In July, the teen made headlines after she confessed to cops that she knifed a bus driver to death who she claimed had kidnapped her in a deserted rural area near Cairo and tried to force himself on her.
The girl said she tricked her alleged assailant, snatched his knife, and stabbed him several times before running away.
Shortly after her arrest, the teen was ordered to take a virginity test, an invasive procedure that human rights groups say itself amounts to sexual assault.
Several women’s rights groups have offered legal assistance, arguing for leniency because the teen was defending herself against sexual attack.
They hope a judge’s ruling in her favour could set an important legal precedent and help challenge the “deep-seated misogynistic culture” of blaming female victims rather than male attackers.
Intissar Saeed, president of the Cairo Foundation for Law and Development said: “This case reveals the dualism in Egyptian society.
“I myself have sympathised with her since day one. But when I wrote about her on my Facebook page some male lawyers attacked the girl on my page saying she was not a decent woman.”
The teen’s name was widely published in the Egyptian media but The Sun does not identify individuals who say they have been sexually assaulted without express consent.
During a police interrogation, the girl said she had been on a date with her boyfriend before riding the bus.
This statement could easily undermine her reputation and probably her credibility in conservative Islamic society, where dating is frowned upon.
Her boyfriend and a friend of his are in custody pending investigations into any potential links to the crime.
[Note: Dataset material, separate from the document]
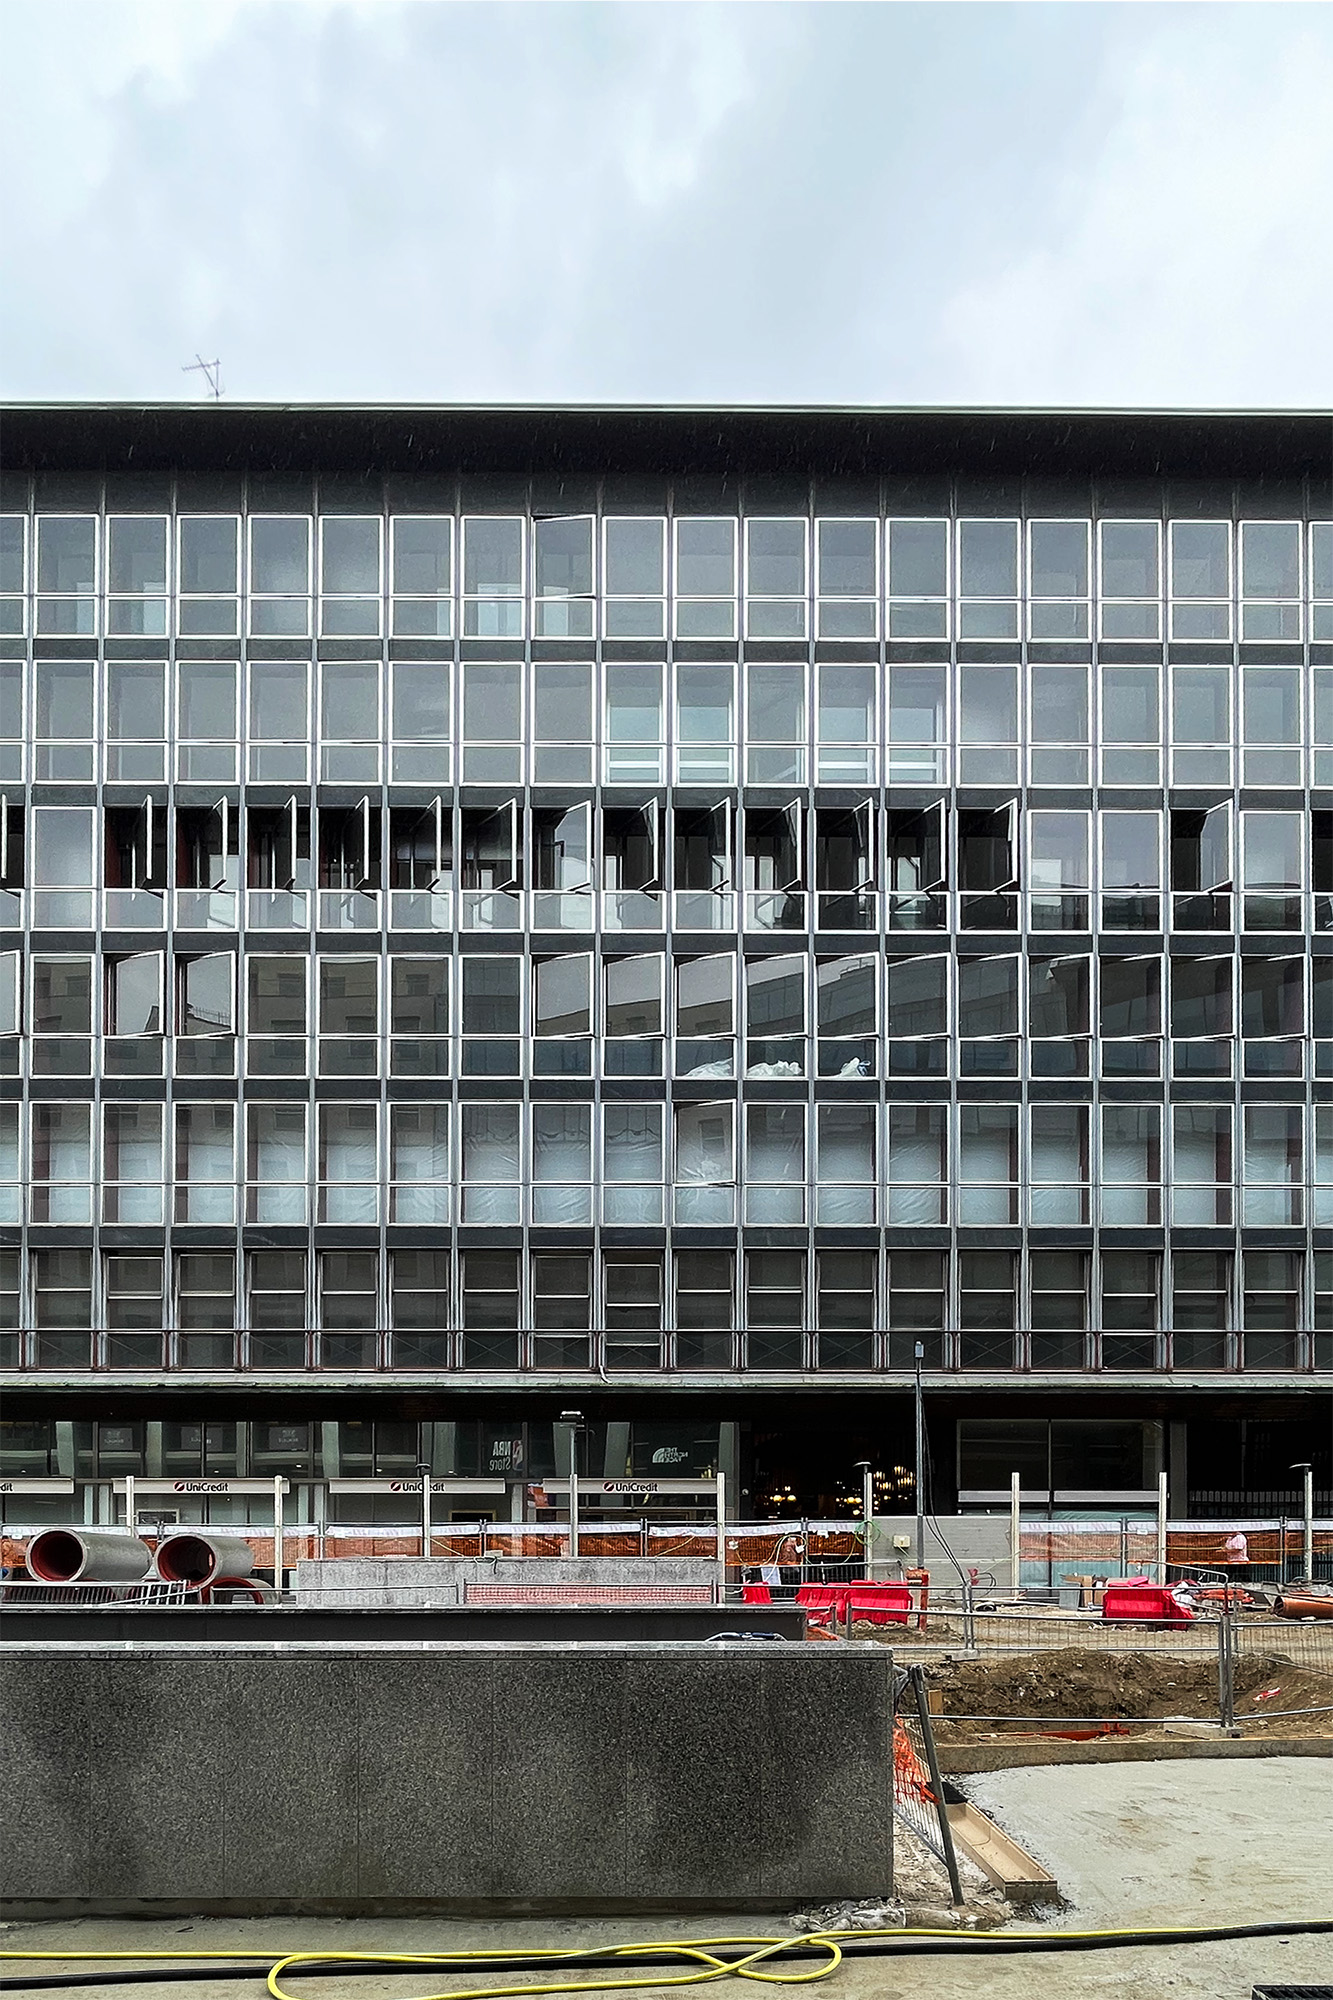 Die Edifici per uffici e negozi entstand 1959 nach einem Entwurf von Luigi Caccia Dominioni.

After her detention, the girl was required to undergo a vaginal test which determined she was a virgin which in the Egyptian context could be viewed as helpful to her case.
Saeed explains that this test is a routine legal procedure whenever a woman reports a rape or alleged rape. Yet, she finds it irrelevant in this case.
Feminists have been campaigning for the girl’s release and calling for her to face a lesser charge than murder.
But, last month, the investigating judge upheld an appeal by the prosecutor against an earlier court decision to release her and ordered her detained for another 30 days.
Mozn Hassan, founder of Nazra for Feminist Studies said: “If she is not divorced, married or widowed and turned out not to be a virgin, she gets automatically labelled as indecent and deserving what she had gone through.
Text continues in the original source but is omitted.